### Exercise requirements
Answer with the exact lines of the following material from the one containing "Mementos from a" through the one containing "Los Angeles Zoo", both end lines included.

### Given records
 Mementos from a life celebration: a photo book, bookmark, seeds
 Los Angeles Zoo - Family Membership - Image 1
---
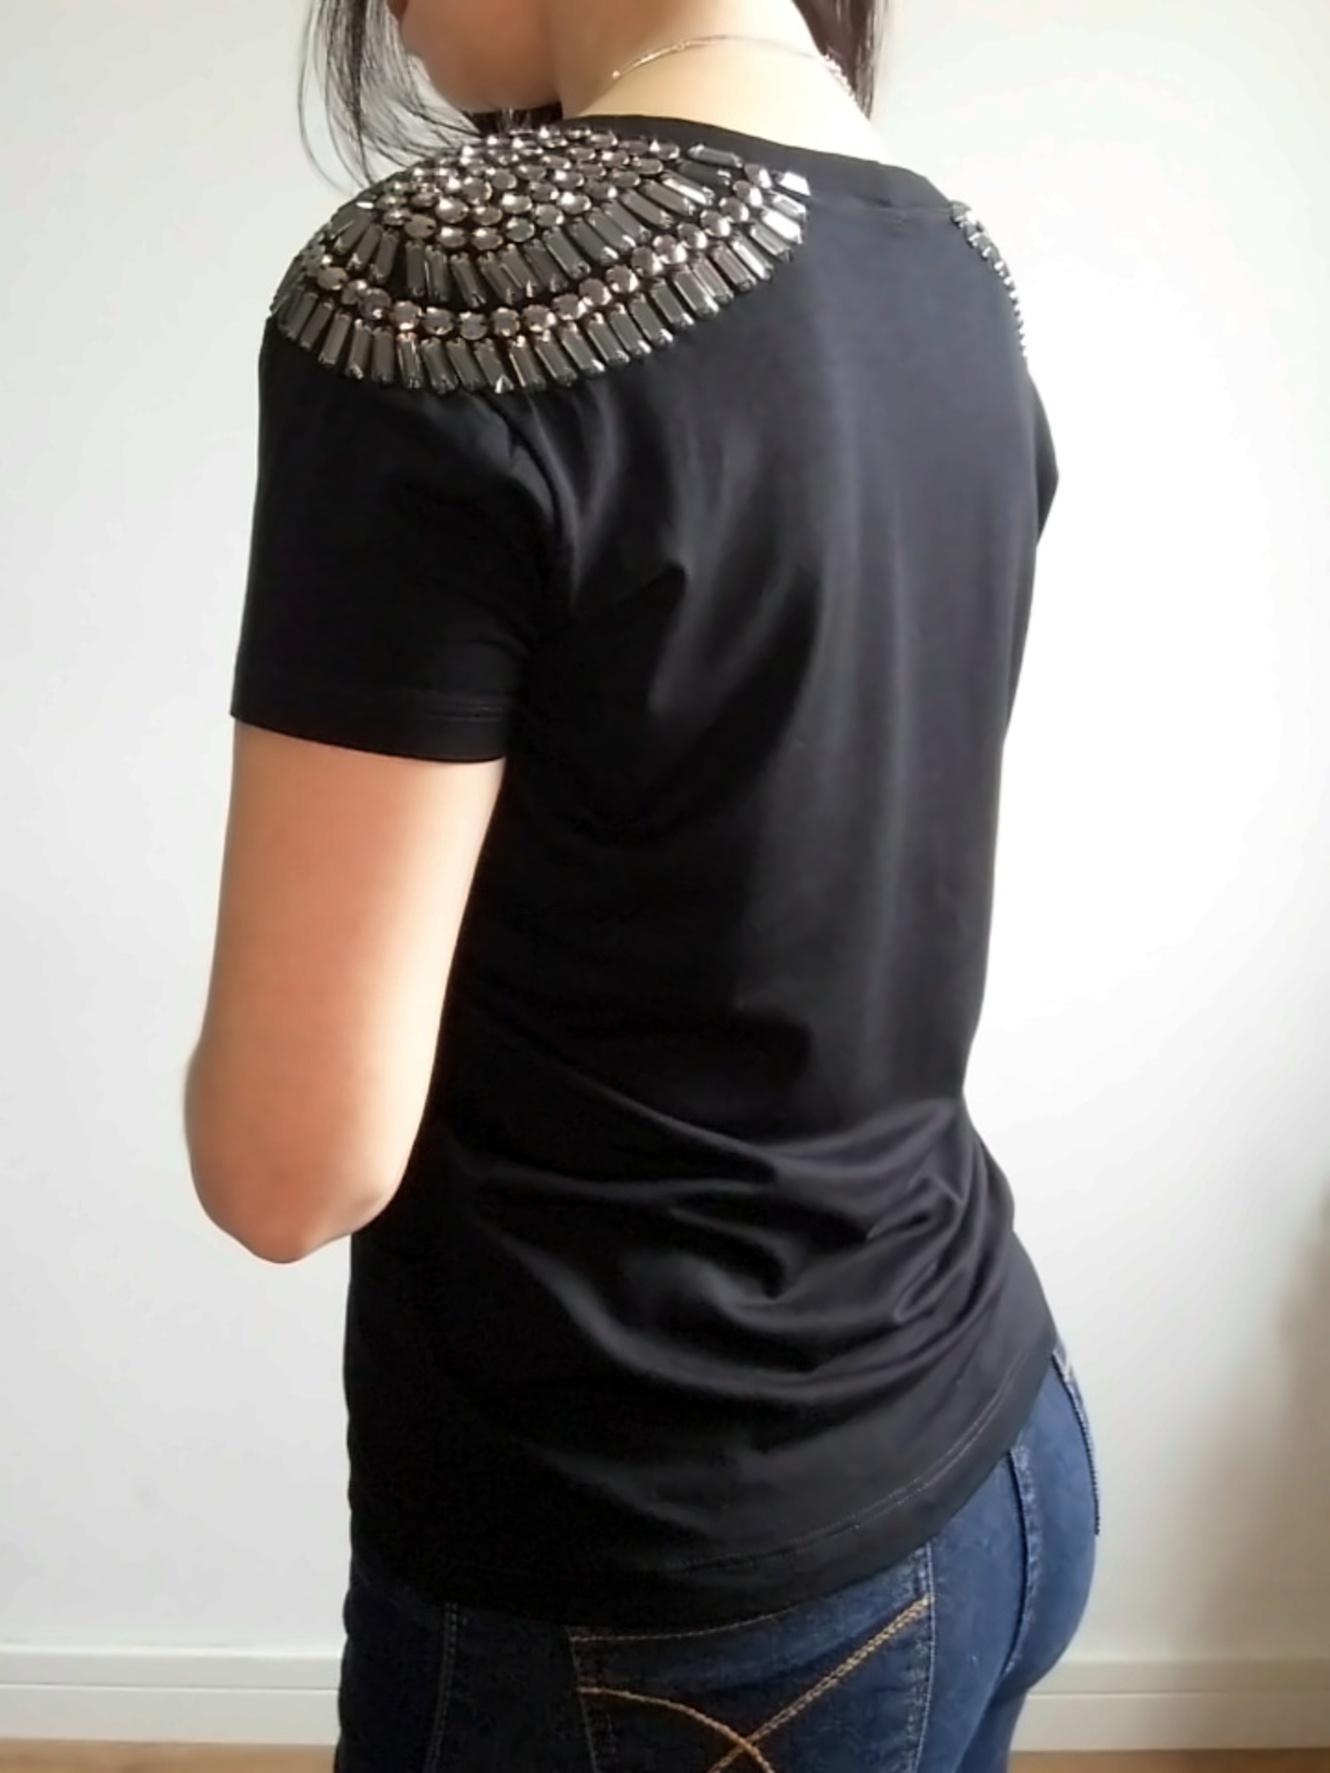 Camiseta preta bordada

### Result for this task
 Mementos from a life celebration: a photo book, bookmark, seeds
 Los Angeles Zoo - Family Membership - Image 1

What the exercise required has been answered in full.